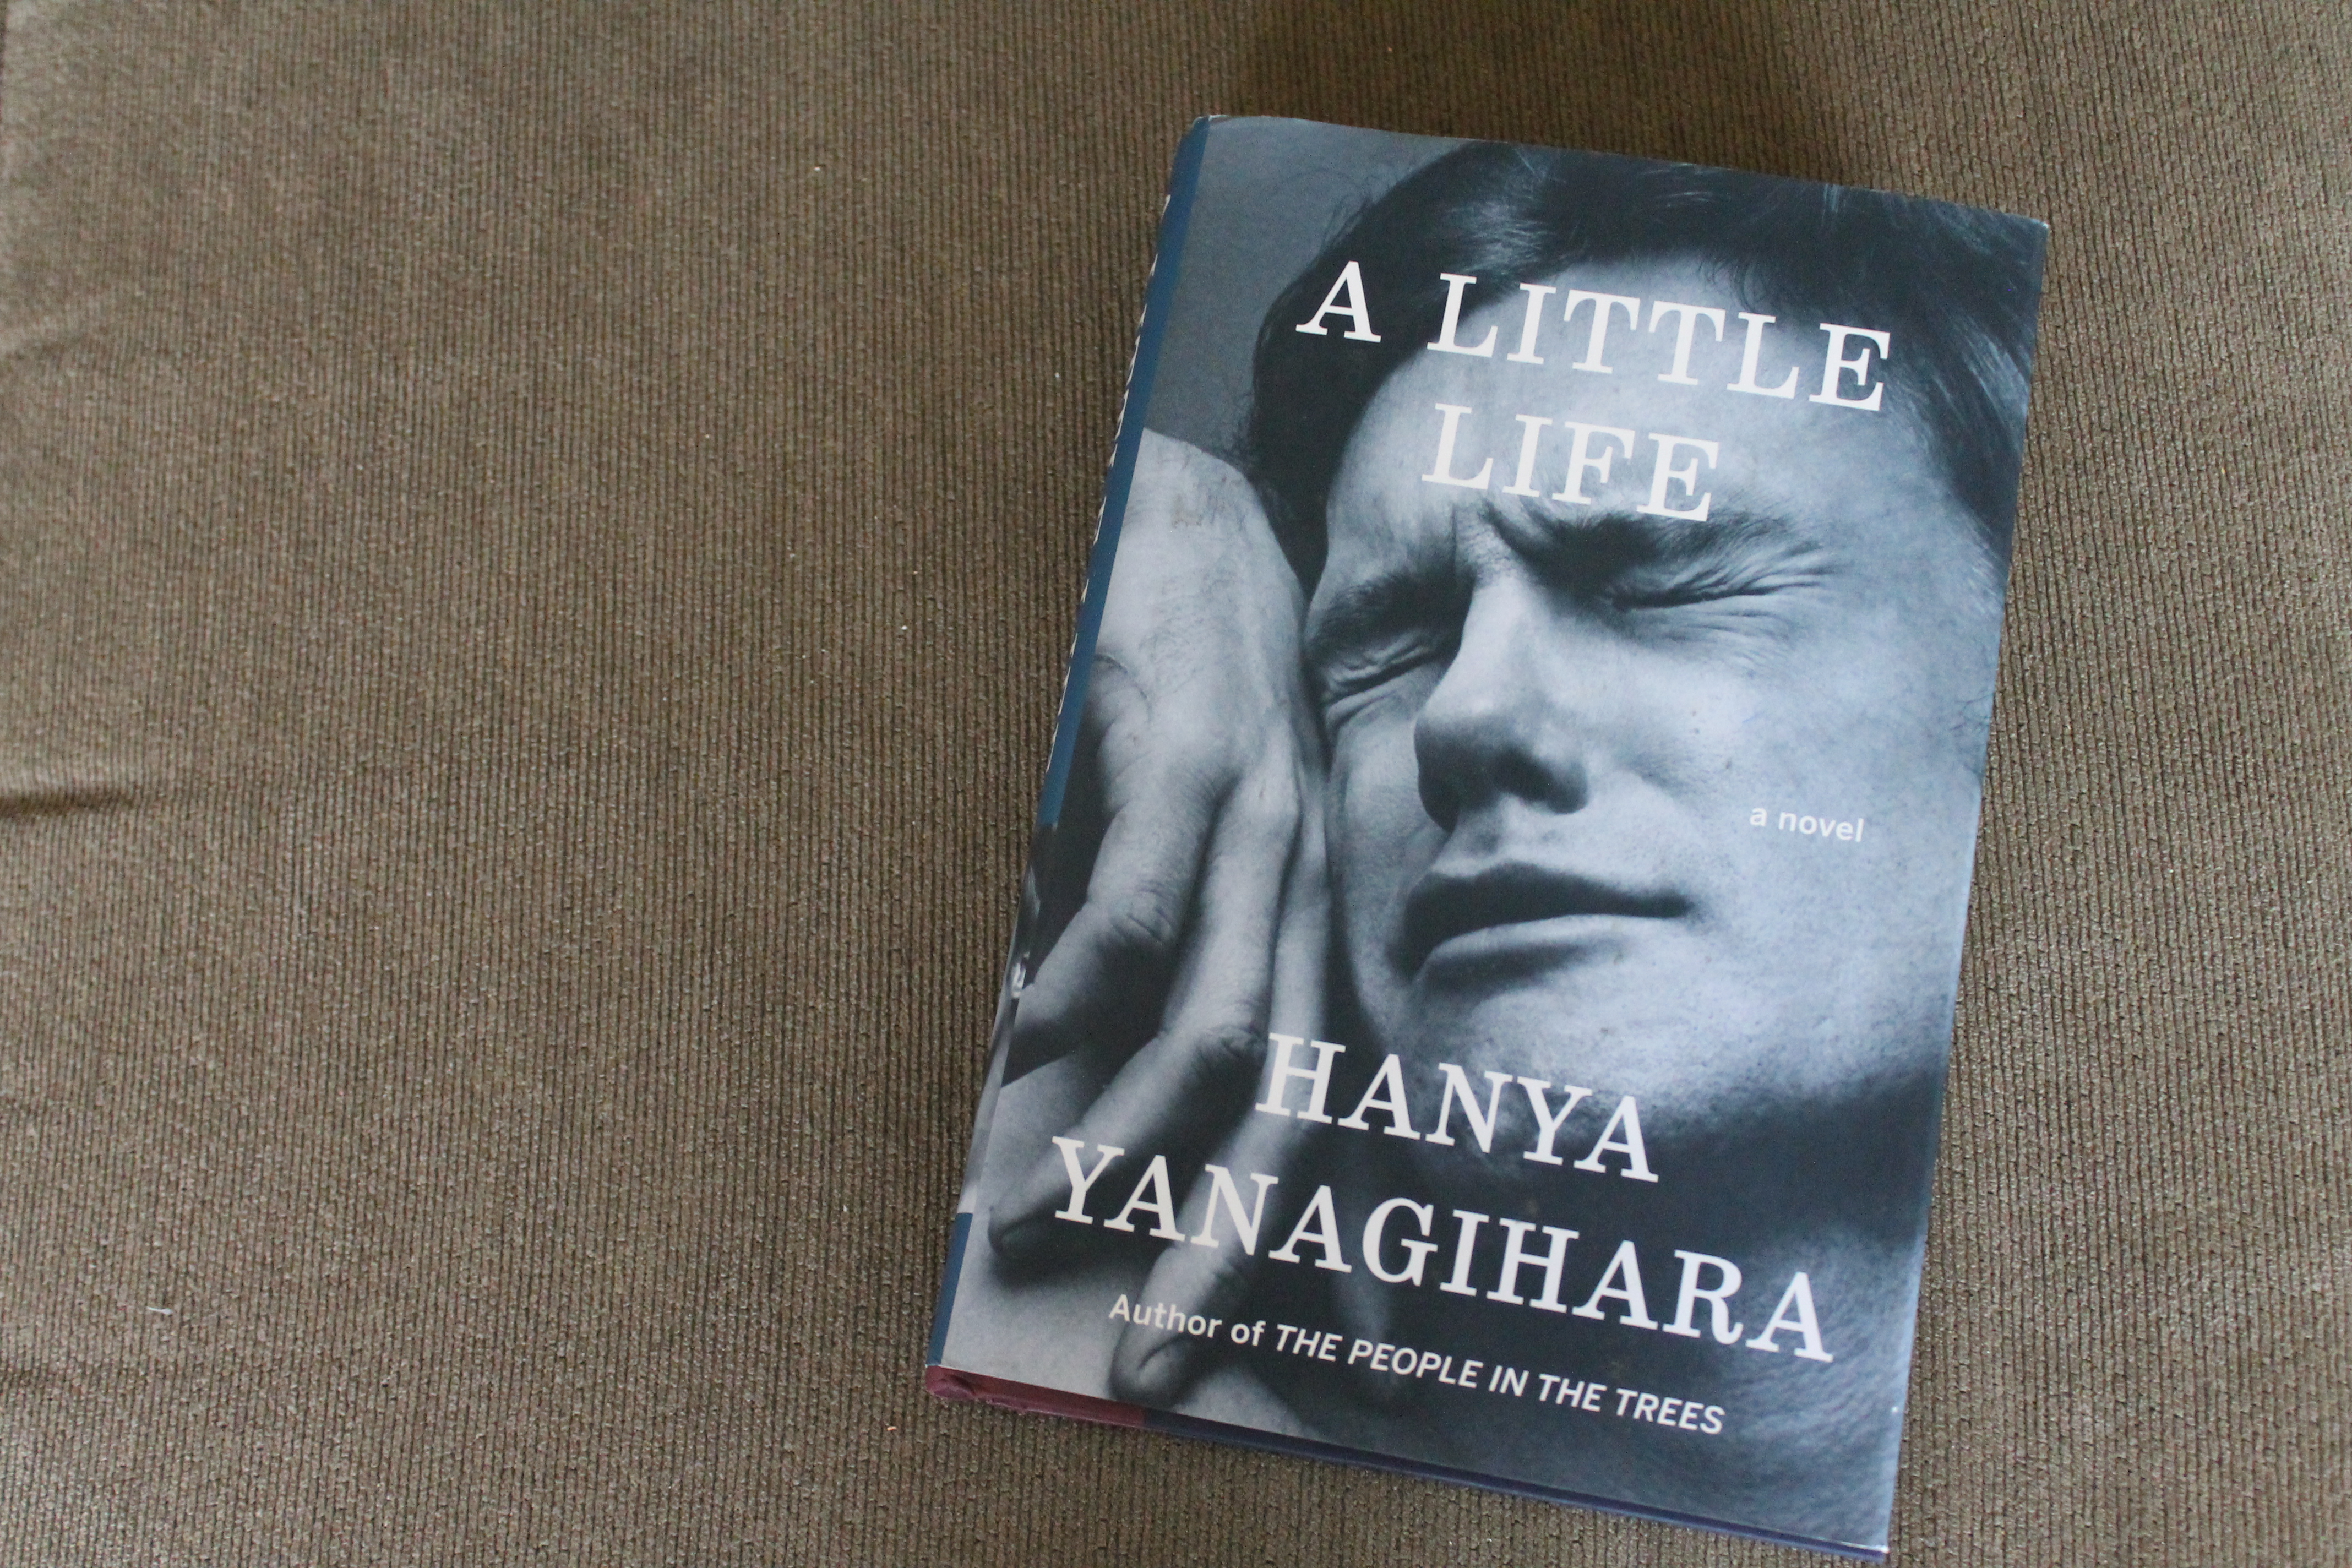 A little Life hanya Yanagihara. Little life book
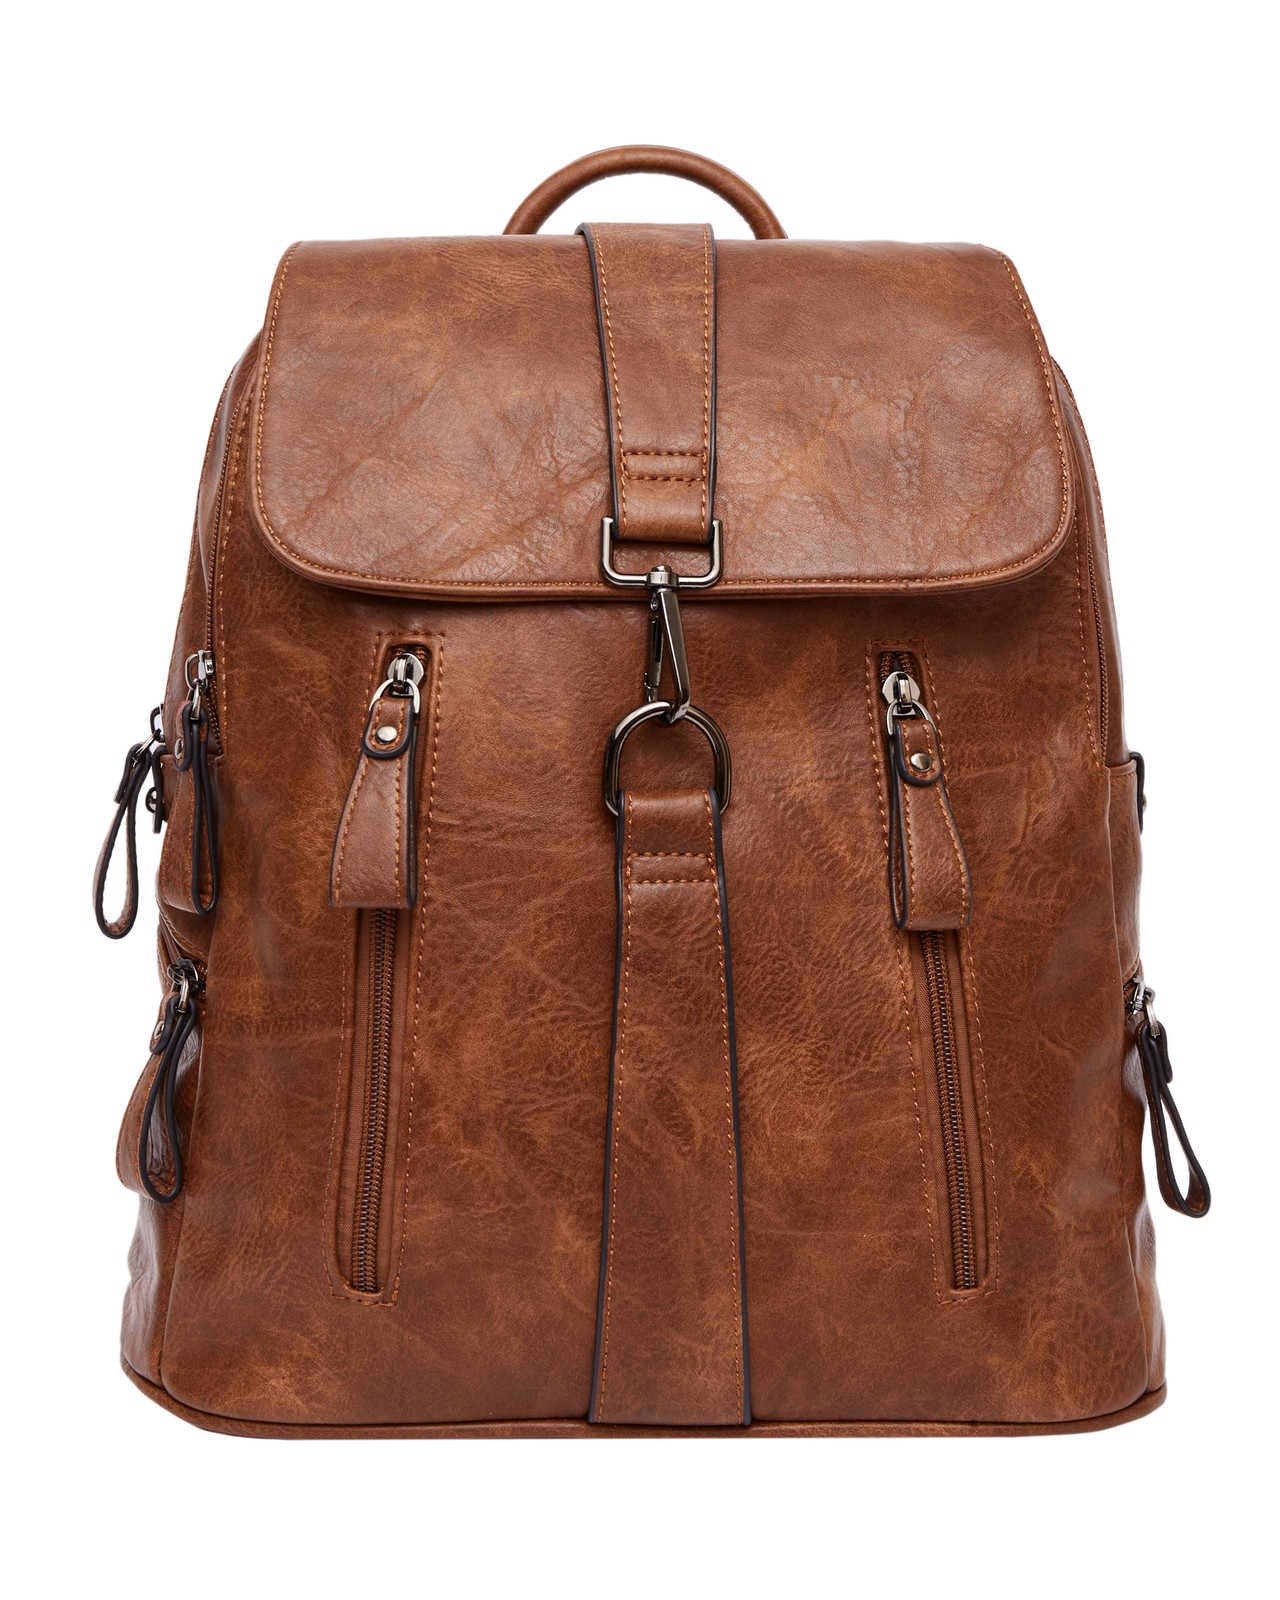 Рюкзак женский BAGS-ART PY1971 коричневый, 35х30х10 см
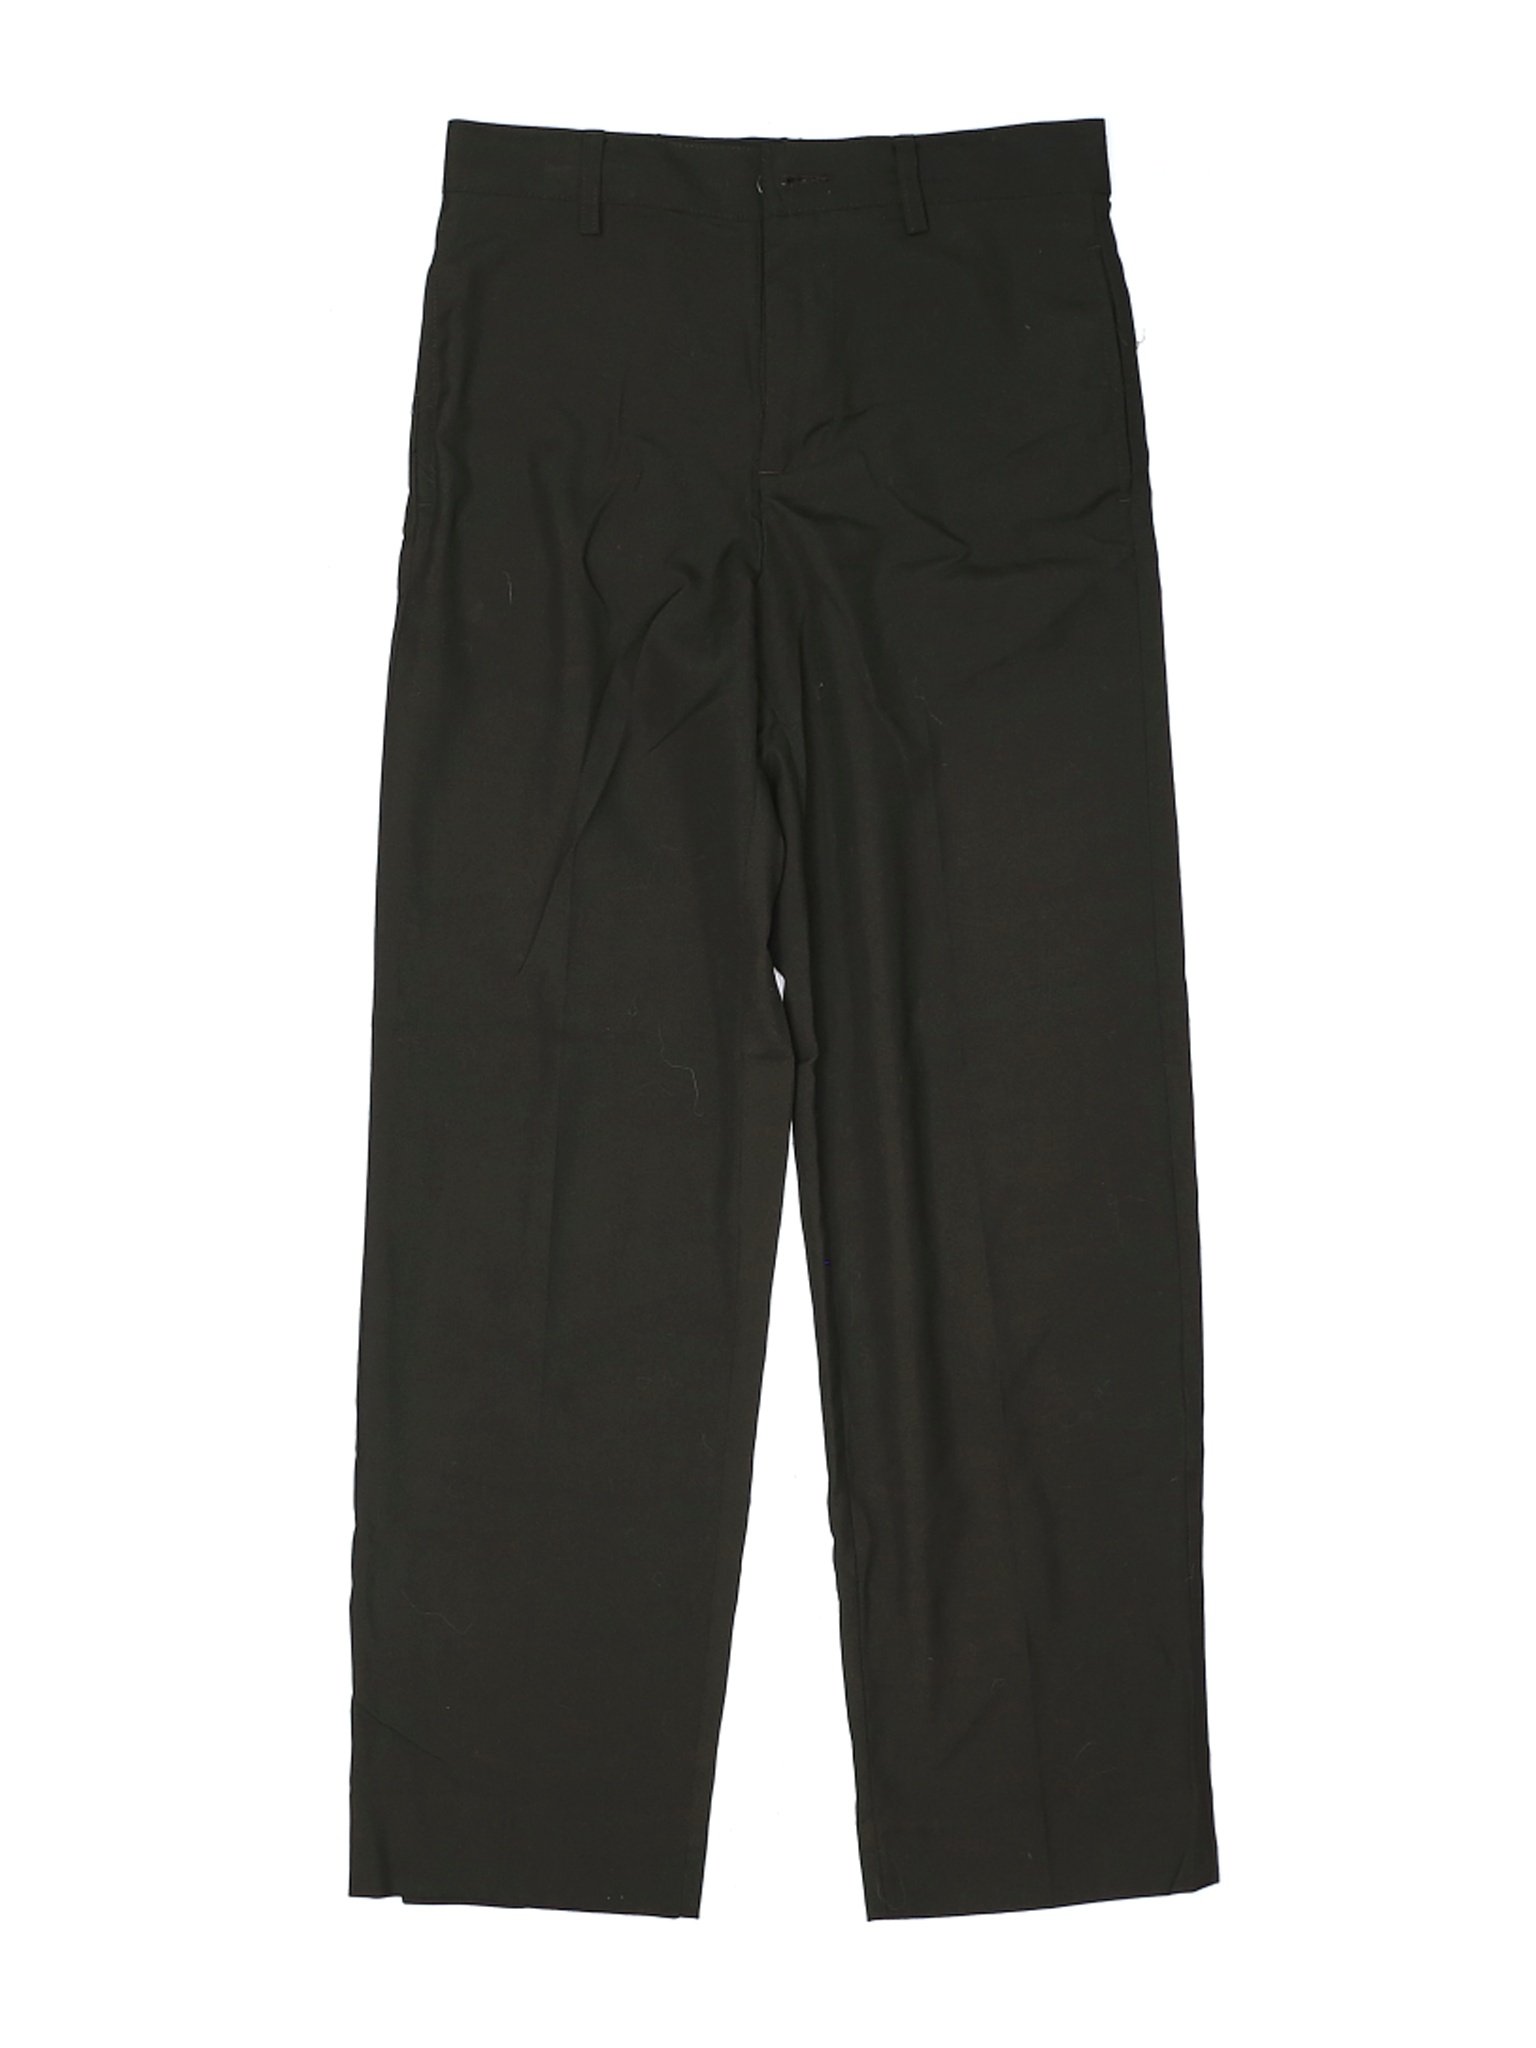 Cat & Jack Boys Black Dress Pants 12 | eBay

TASK OBJECTIVE —
Transcribe exactly, and without any pictures, each line from the one that holds "Рюкзак женский BAGS-ART" through the final line of the material above.

SOLUTION —
 Рюкзак женский BAGS-ART PY1971 коричневый, 35х30х10 см
 Cat & Jack Boys Black Dress Pants 12 | eBay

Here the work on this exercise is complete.